WHAT THIS TASK INVOLVES:
Would you return every entry below exactly as written, without its images?

INPUT FOR THIS TASK:
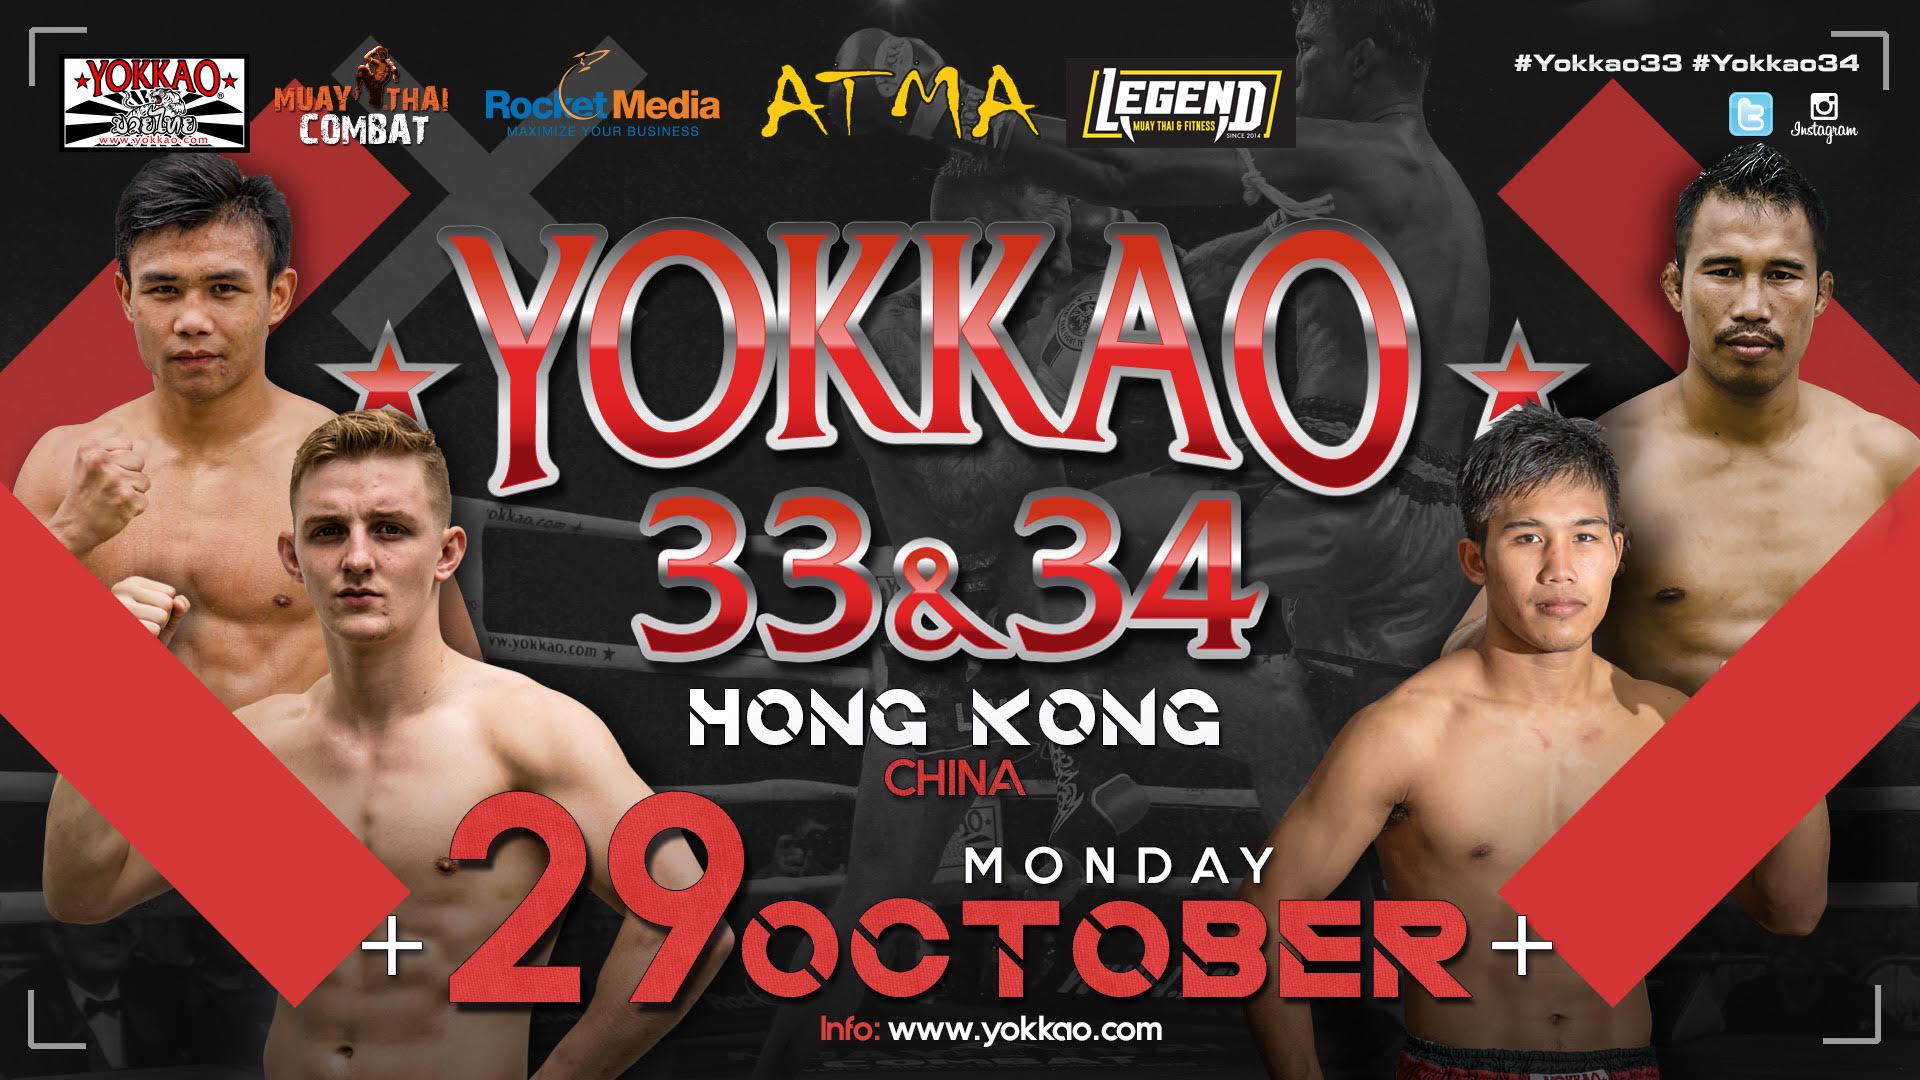 YOKKAO Fight Team Headlines YOKKAO 33 - 34 in Hong Kong
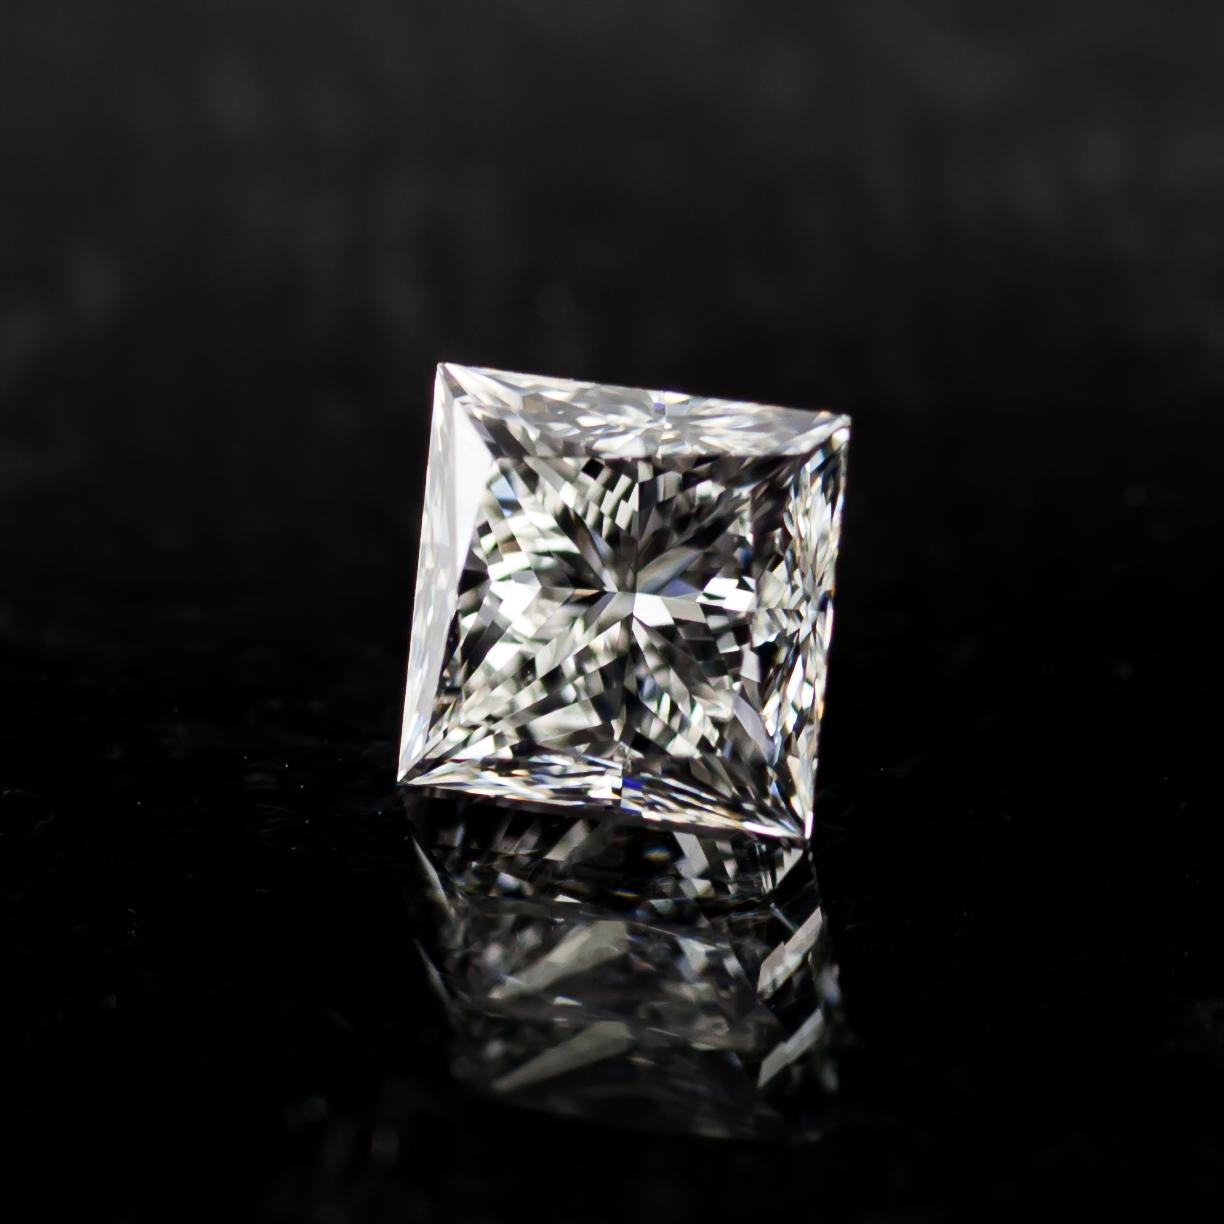 1.03 Carat Loose I / VS1 Princess Cut Diamond certifié GIA

Informations générales sur le diamant
Taille du diamant : Brilliante modifiée carrée
Dimensions : 5.35  x  5.34  -  4.09 mm

Résultats de la classification des diamants
Poids en carats :
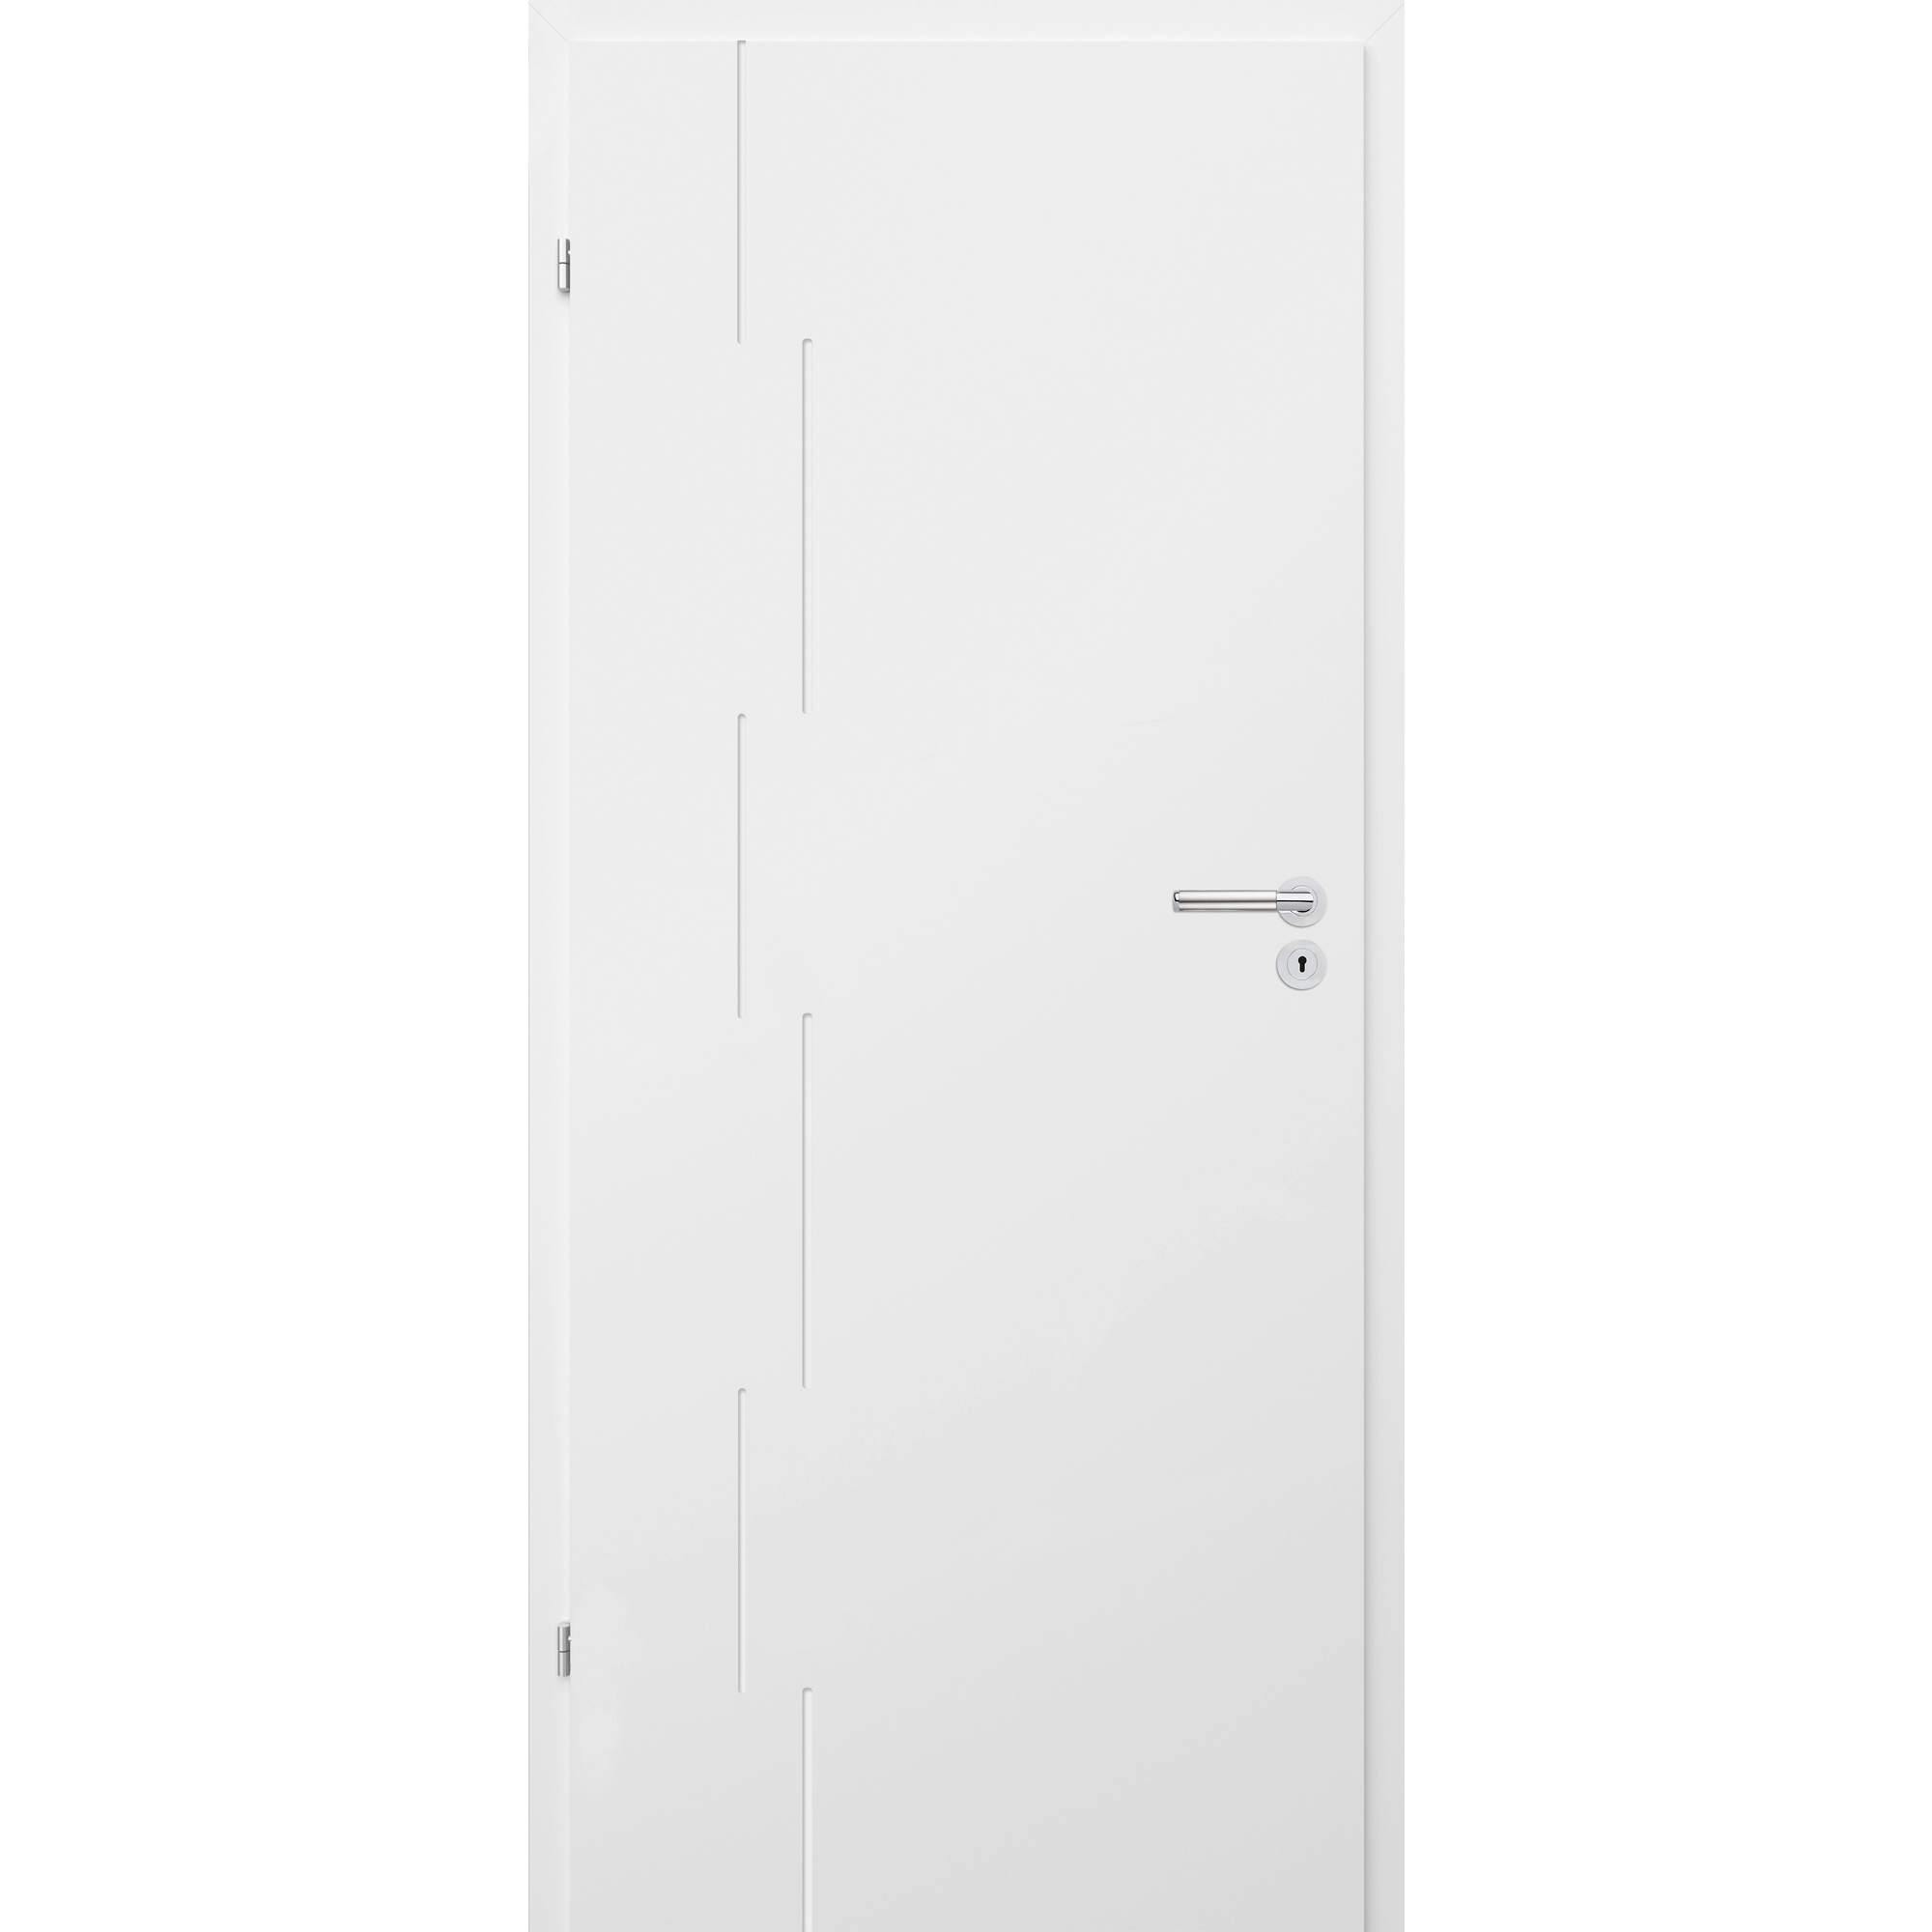 Innentür 'Modern M5' weiß 198,5 x 86 cm, Linksanschlag + product picture

WRITTEN RESPONSE:
 YOKKAO Fight Team Headlines YOKKAO 33 - 34 in Hong Kong
 1.03 Carat Loose I / VS1 Princess Cut Diamond certifié GIA

Informations générales sur le diamant
Taille du diamant : Brilliante modifiée carrée
Dimensions : 5.35  x  5.34  -  4.09 mm

Résultats de la classification des diamants
Poids en carats :
 Innentür 'Modern M5' weiß 198,5 x 86 cm, Linksanschlag + product picture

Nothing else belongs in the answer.